LC Analysis and Pharmacokinetic Study of Pachymic Acid After Intravenous Administration to Rats

Abstract

A simple and sensitive high-performance liquid chromatographic method with UV detection was developed and validated to investigate the concentration of pachymic acid (PA) in rat plasma. The sample preparation was a liquid-liquid extraction and chromatographic separation was achieved with a Dikma DiamonsilTM C18 column (250 × 4.6 mm I.D.) with a C18 guard column (8 × 4 mm I.D.) using a mobile phase consisting of MeOH-MeCN-aq. 0.45% H3PO4 (45:40:22) at a flow rate of 1.0 mL min−1. The UV detection was at 210 nm.

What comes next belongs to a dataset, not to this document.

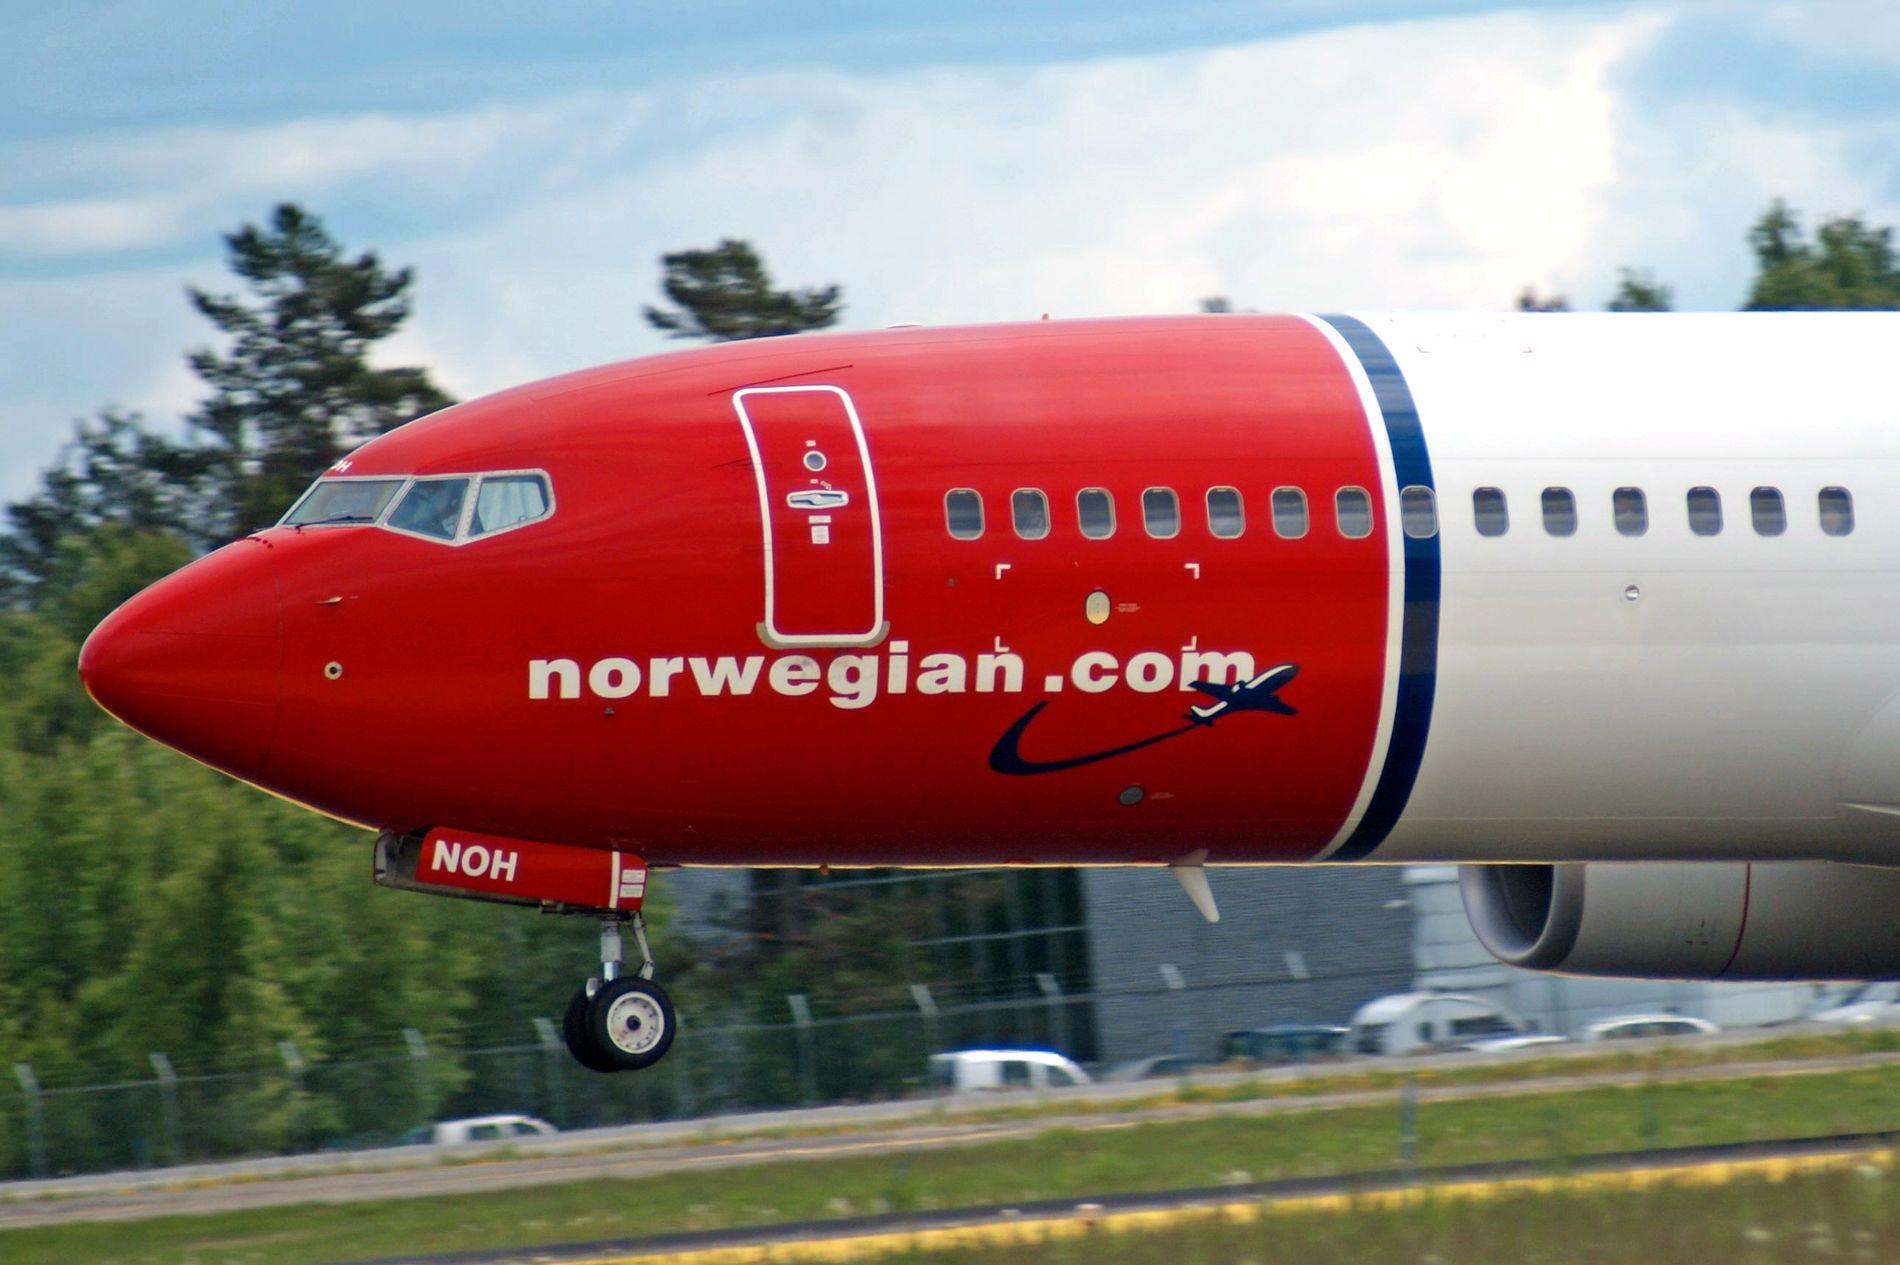 MÅTTE AVBRYTE: Det fullsatte Norwegian-flyet gikk ned i Toulouse i sørlige Frankrike etter at et «voldelig opptrinn» i cabinen. Bildet viser et tilsvarende fly, en Boeing 737–800 på Gardermoen.   Foto: JAN OVIND / VG

Standard curves were linear (r = 0.9998) in plasma over the concentration range of 0.5–50 μg mL−1 and had acceptable accuracy and precision. Intra- and inter-day precisions expressed as the relative standard deviation (RSD) were 0.26–1.60% and 1.24–2.31%. The lower limit of quantification and lower limit of detection were 0.45 and 0.17 μg mL−1. The method has been used successfully to study the pharmacokinetics of PA. After a dose of 30 mg kg−1 by intravenous administration, the main pharmacokinetic parameters t 1/2, AUC0-∞, CL, Vss and MRT0-∞ were 8.79 ± 6.80 h, 18.90 ± 9.39 μg h mL−1, 0.53 ± 0.28 L h−1, 5.60 ± 4.60 L and 12.58 ± 9.95 h, respectively.